Exercise brief: Every line below needs to be transcribed without alteration, and no image may be carried over.

Collected data:
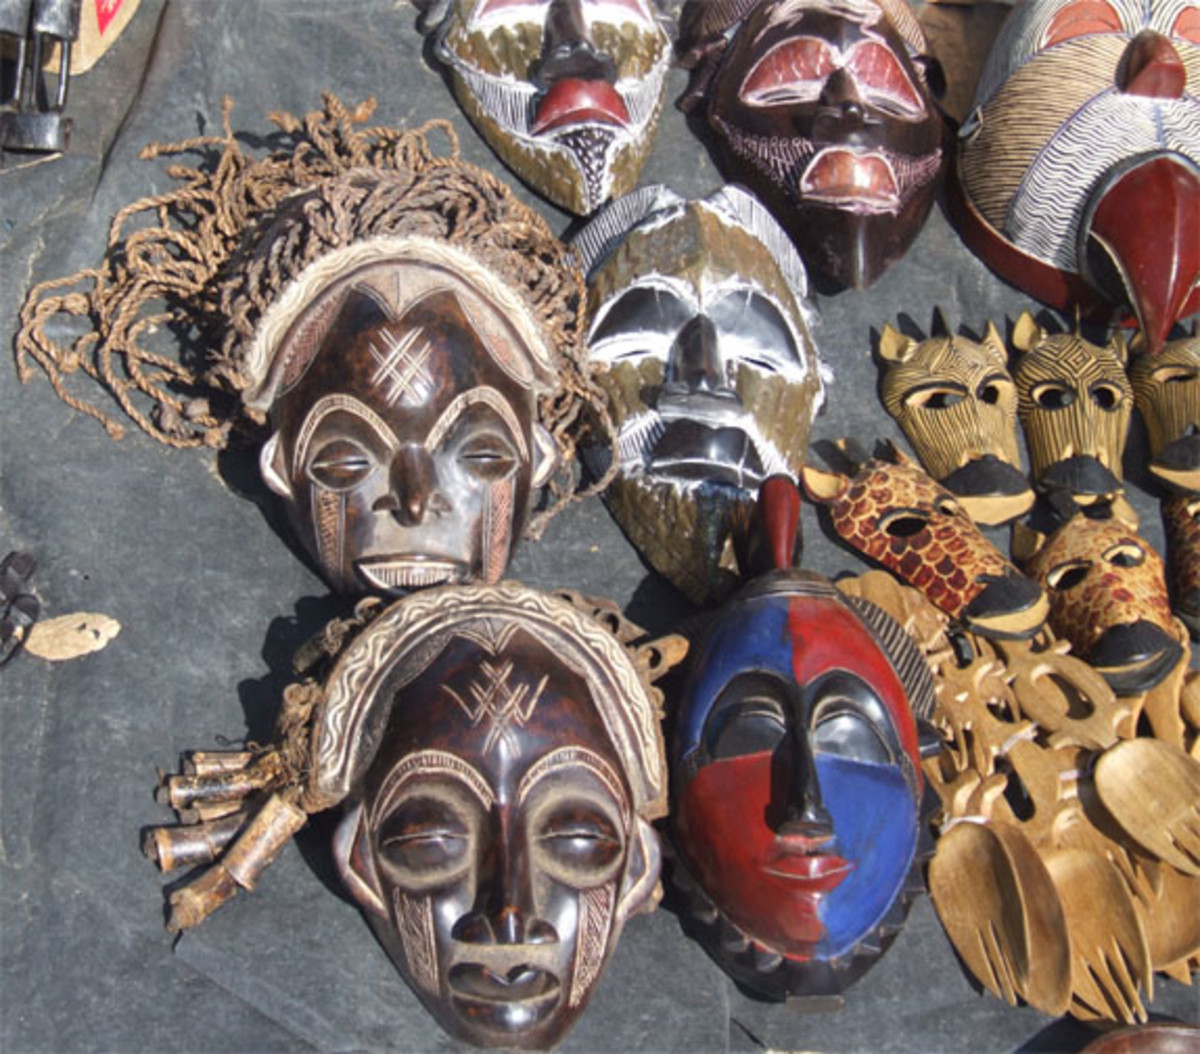 http://danielschereck.com/wp2006/wp-2006africa-namibiawindhoek01.htm
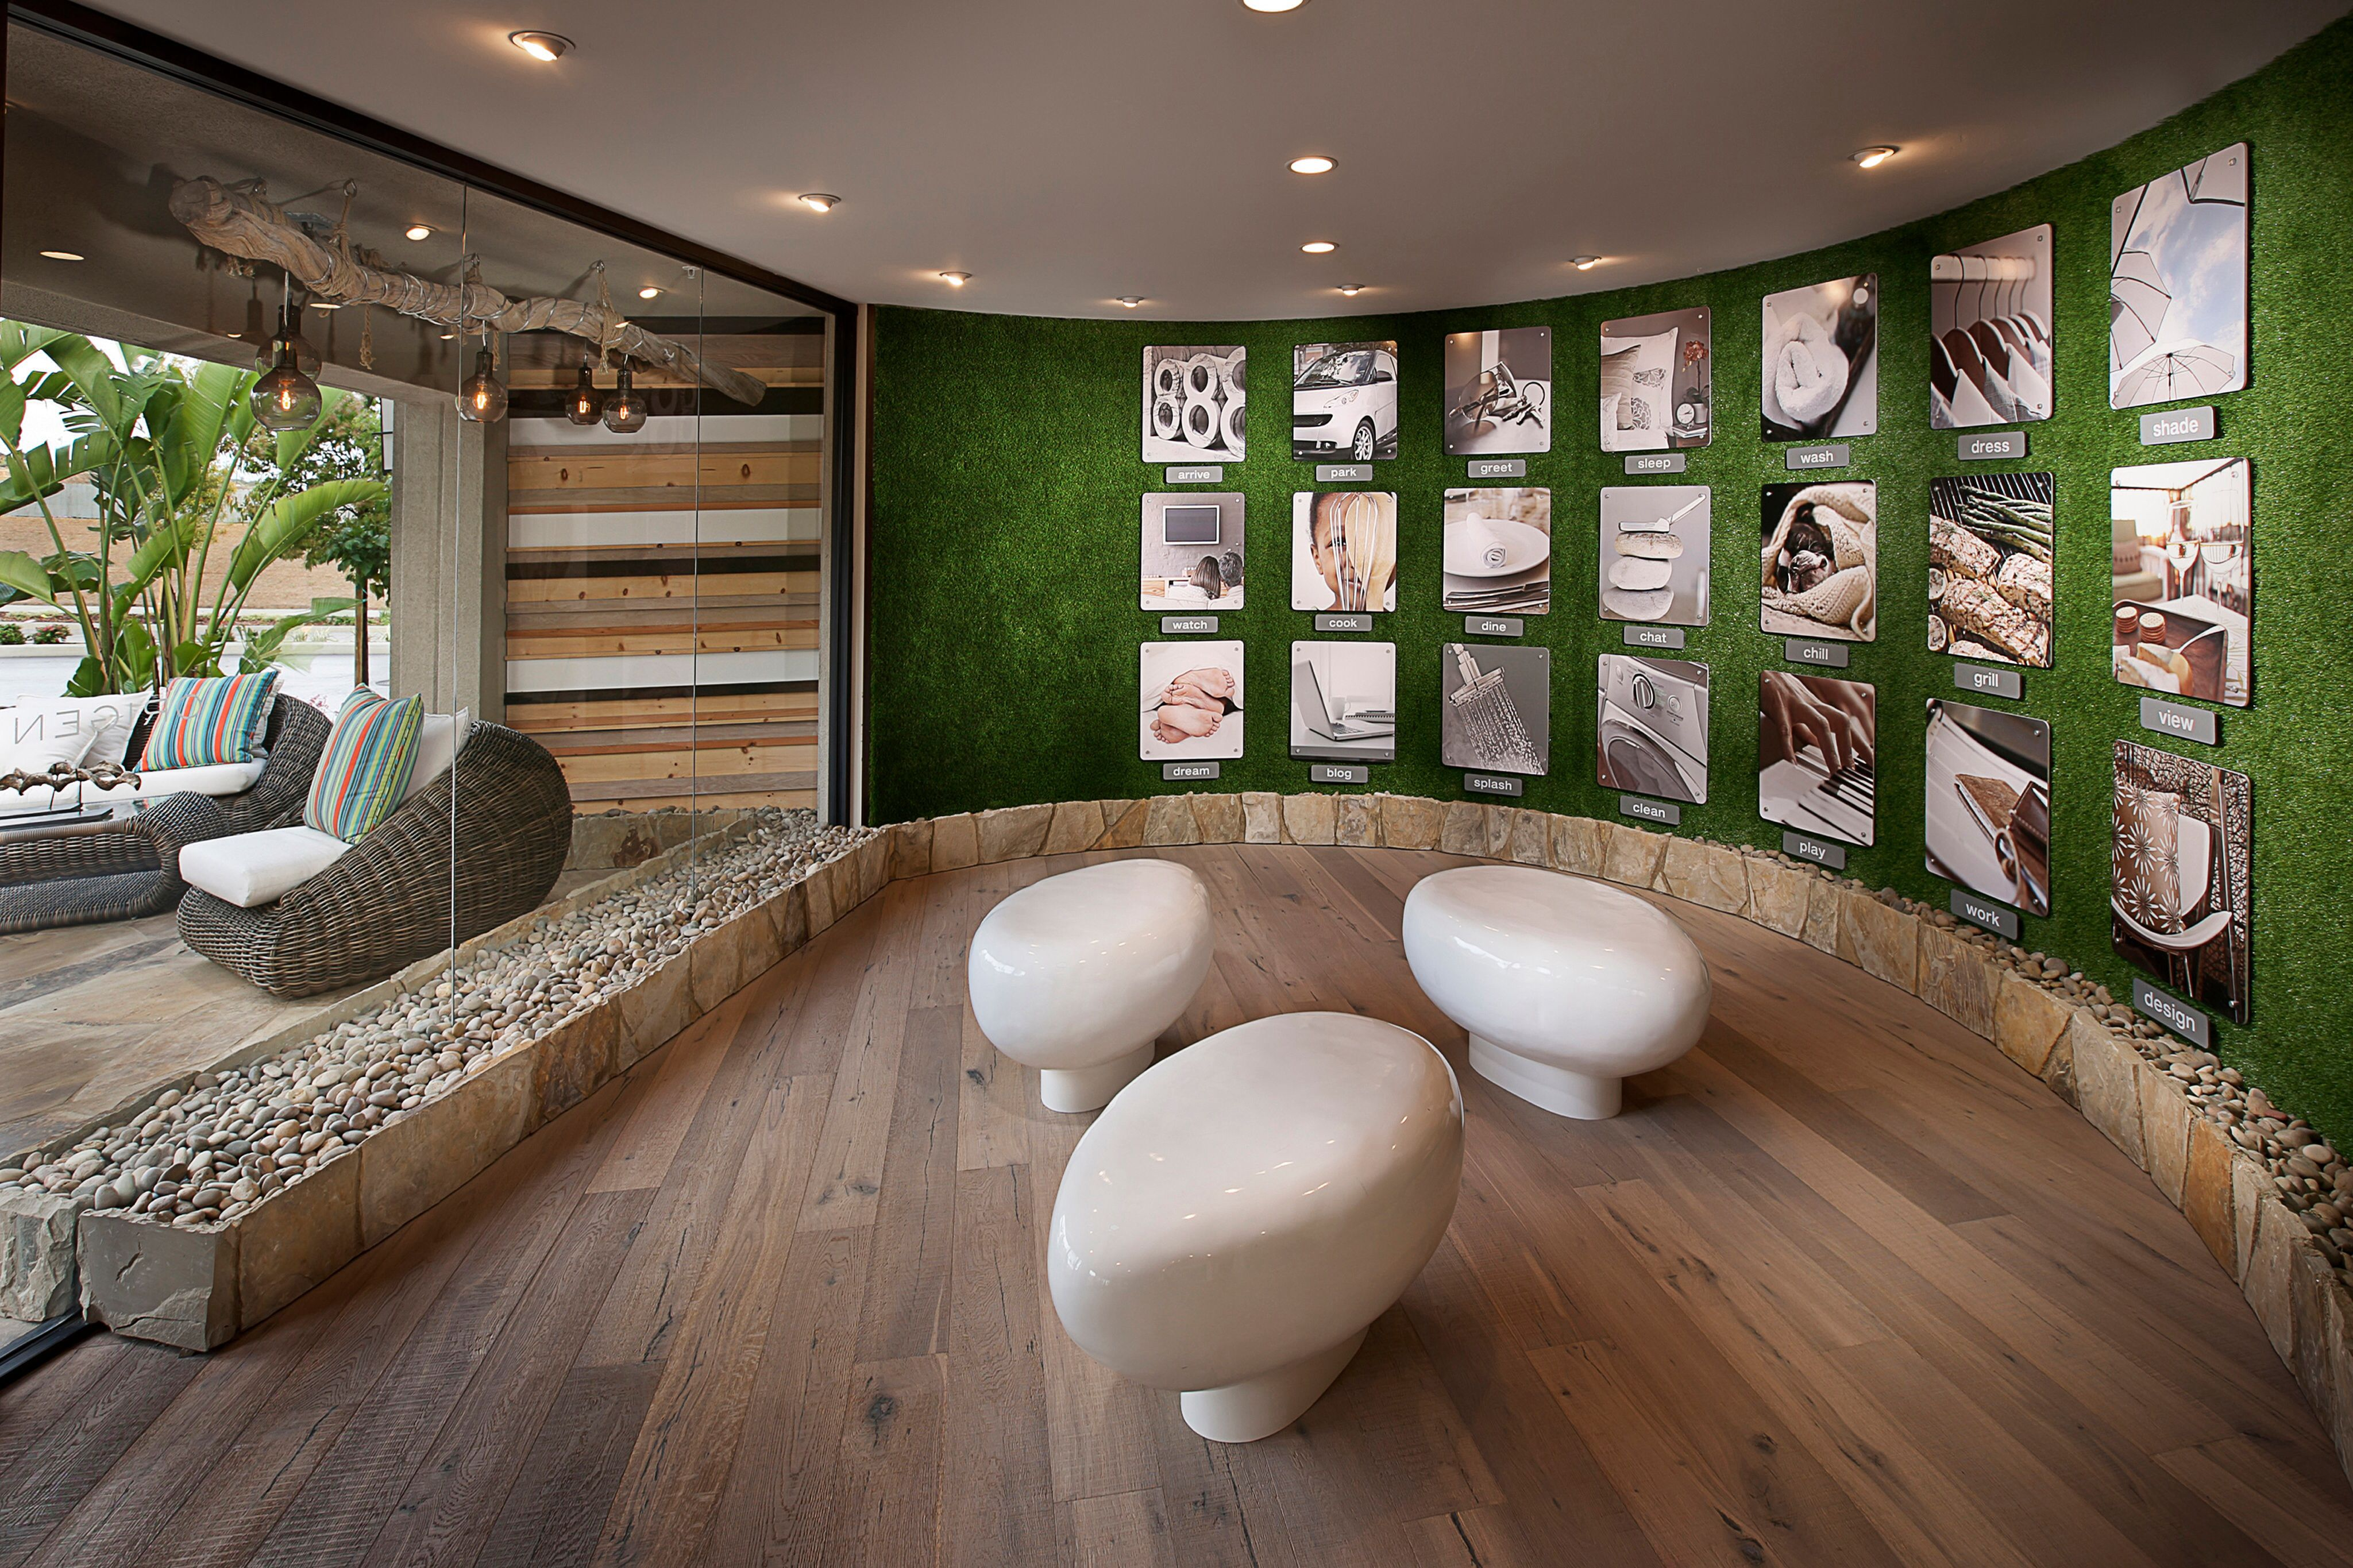 Origen Sales fice for Shea Homes San Diego by Design Line
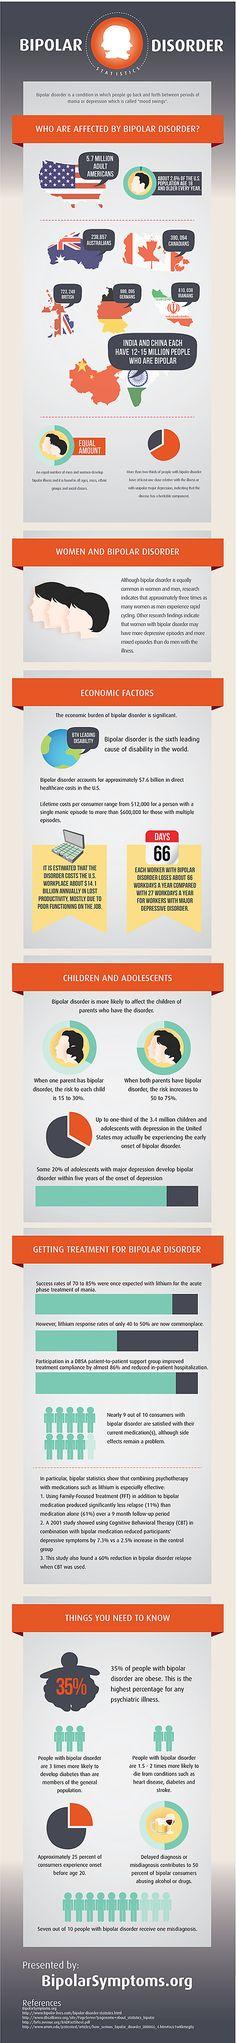 Bipolar Disorder Statistics Infographic
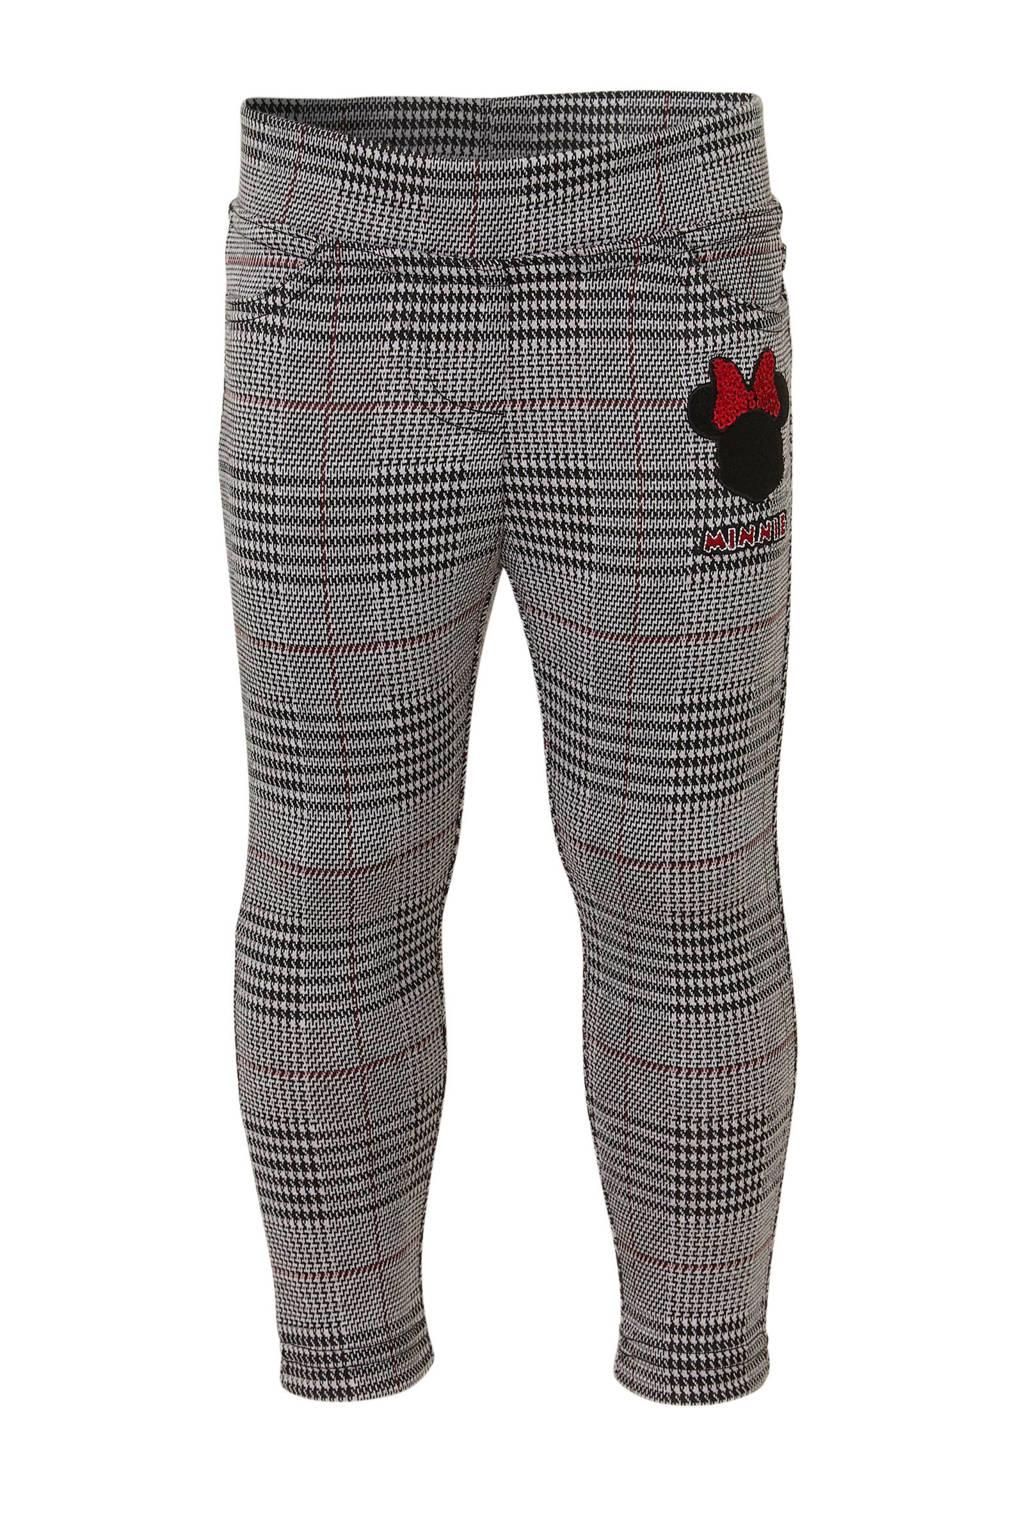 Disney @ C&A geruite legging antraciet/ rood, Antraciet/ Rood

Answer below:
 http://danielschereck.com/wp2006/wp-2006africa-namibiawindhoek01.htm
 Origen Sales fice for Shea Homes San Diego by Design Line
 Bipolar Disorder Statistics Infographic
 Disney @ C&A geruite legging antraciet/ rood, Antraciet/ Rood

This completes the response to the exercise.